**Problem to solve:**
Please repeat only the lines below starting at the line that holds "広い空間の中央に階段を設けました。の写真" and ending at the line that holds "Freetoeditadio Chulo Adiochulo", exactly, with both of those lines included and every picture omitted.

**Raw data:**
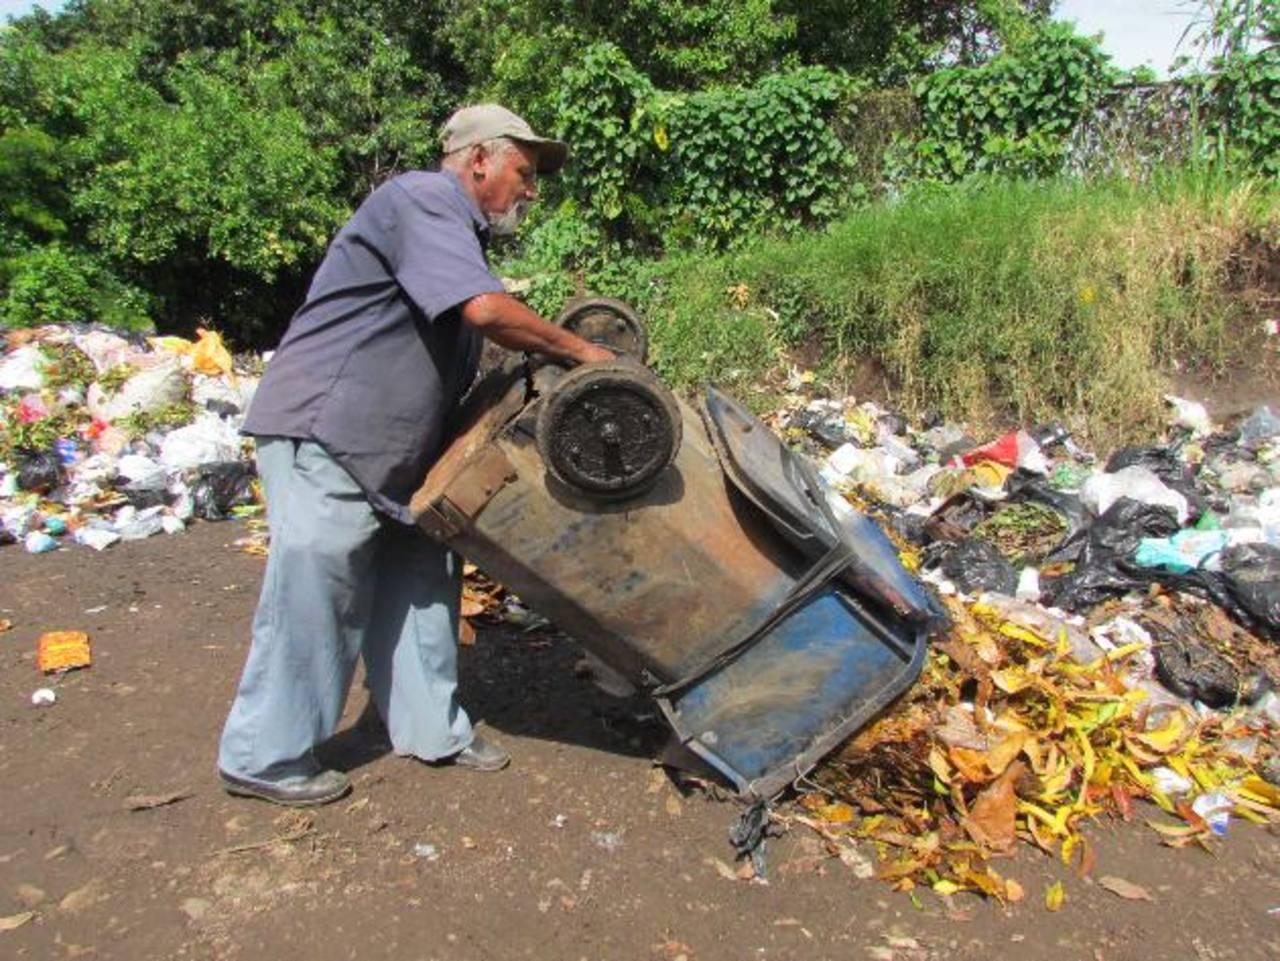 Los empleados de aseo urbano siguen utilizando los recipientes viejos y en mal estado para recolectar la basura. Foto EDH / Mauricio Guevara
---
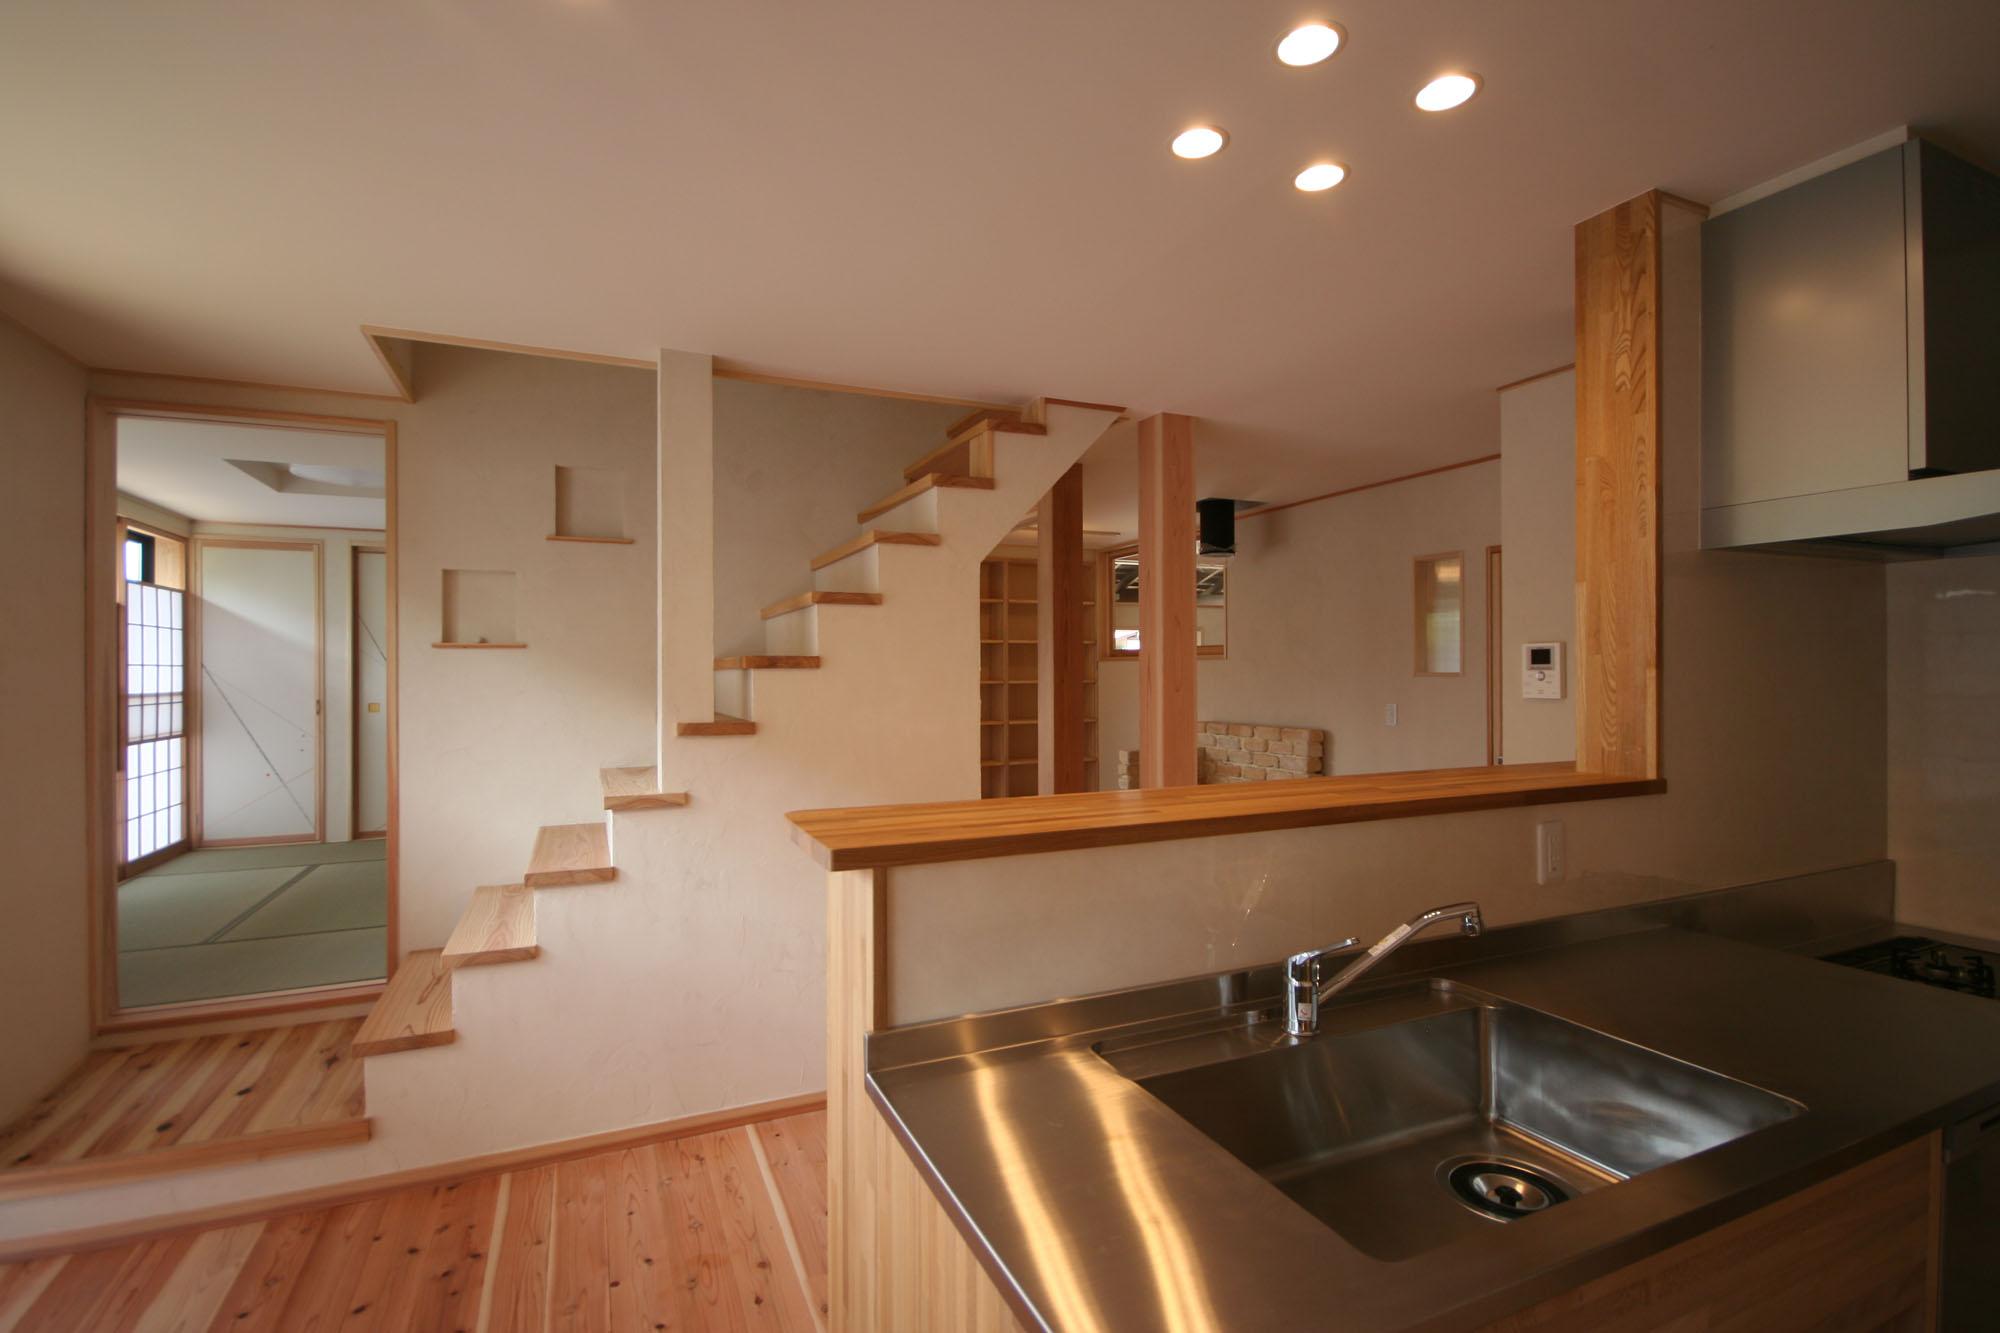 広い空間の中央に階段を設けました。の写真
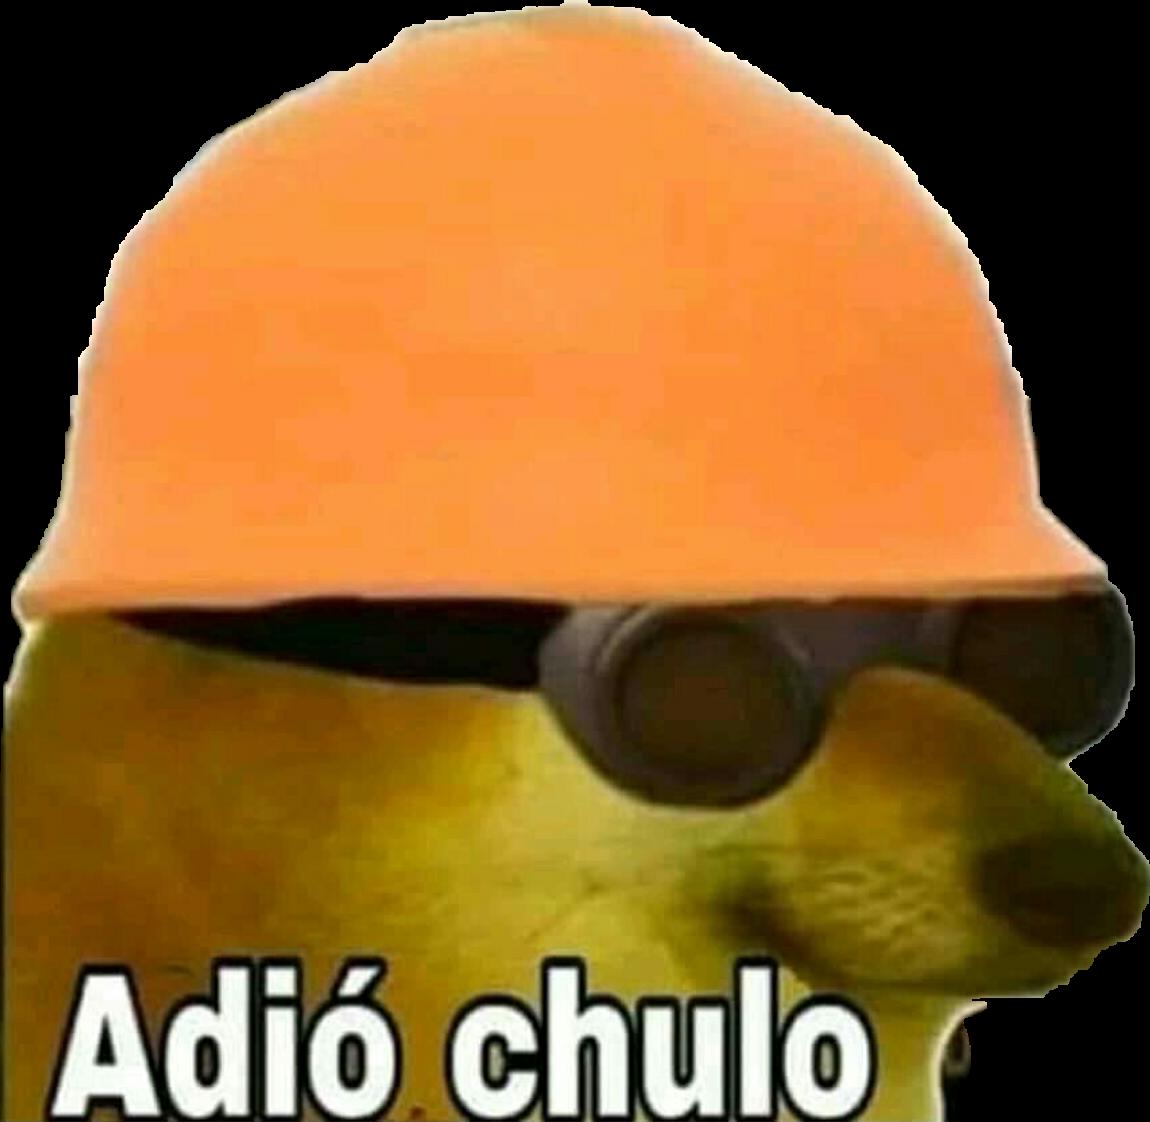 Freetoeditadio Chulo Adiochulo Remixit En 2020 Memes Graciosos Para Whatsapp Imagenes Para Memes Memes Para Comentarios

**Completed exercise:**
 広い空間の中央に階段を設けました。の写真
 Freetoeditadio Chulo Adiochulo Remixit En 2020 Memes Graciosos Para Whatsapp Imagenes Para Memes Memes Para Comentarios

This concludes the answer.